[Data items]
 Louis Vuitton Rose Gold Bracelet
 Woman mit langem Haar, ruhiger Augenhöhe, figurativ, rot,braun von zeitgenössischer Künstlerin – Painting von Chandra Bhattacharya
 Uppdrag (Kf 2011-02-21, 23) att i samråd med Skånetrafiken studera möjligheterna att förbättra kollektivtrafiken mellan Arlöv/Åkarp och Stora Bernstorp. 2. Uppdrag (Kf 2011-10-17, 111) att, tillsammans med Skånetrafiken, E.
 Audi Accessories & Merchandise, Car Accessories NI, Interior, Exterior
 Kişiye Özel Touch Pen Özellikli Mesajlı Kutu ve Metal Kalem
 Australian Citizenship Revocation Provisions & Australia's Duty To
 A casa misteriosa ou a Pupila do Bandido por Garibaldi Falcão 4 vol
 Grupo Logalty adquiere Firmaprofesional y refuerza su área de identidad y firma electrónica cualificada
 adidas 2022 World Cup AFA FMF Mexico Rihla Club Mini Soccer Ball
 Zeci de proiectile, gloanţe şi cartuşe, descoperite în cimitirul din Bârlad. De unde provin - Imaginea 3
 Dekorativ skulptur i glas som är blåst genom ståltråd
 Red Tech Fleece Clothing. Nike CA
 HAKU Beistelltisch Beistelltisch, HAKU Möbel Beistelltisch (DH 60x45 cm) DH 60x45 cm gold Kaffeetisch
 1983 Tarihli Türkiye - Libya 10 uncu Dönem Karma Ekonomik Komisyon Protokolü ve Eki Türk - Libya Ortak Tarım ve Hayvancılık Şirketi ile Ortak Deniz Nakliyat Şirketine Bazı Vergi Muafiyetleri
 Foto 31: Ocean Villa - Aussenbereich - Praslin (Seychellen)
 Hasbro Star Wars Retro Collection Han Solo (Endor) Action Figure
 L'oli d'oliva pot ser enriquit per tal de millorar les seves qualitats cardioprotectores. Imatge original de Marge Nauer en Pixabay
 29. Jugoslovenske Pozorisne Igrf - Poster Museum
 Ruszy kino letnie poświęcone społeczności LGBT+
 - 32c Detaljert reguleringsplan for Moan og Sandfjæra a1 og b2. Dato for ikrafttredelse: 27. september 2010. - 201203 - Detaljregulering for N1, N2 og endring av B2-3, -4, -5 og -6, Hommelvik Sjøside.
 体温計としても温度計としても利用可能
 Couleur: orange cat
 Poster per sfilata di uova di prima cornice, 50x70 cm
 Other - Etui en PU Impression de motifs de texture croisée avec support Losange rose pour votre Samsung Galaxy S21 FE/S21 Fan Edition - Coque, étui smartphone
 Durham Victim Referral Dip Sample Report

What is being asked: Reproduce verbatim the stretch of lines beginning with the one containing "Other - Etui" and ending at the close of the entries above.

Your response:
 Other - Etui en PU Impression de motifs de texture croisée avec support Losange rose pour votre Samsung Galaxy S21 FE/S21 Fan Edition - Coque, étui smartphone
 Durham Victim Referral Dip Sample Report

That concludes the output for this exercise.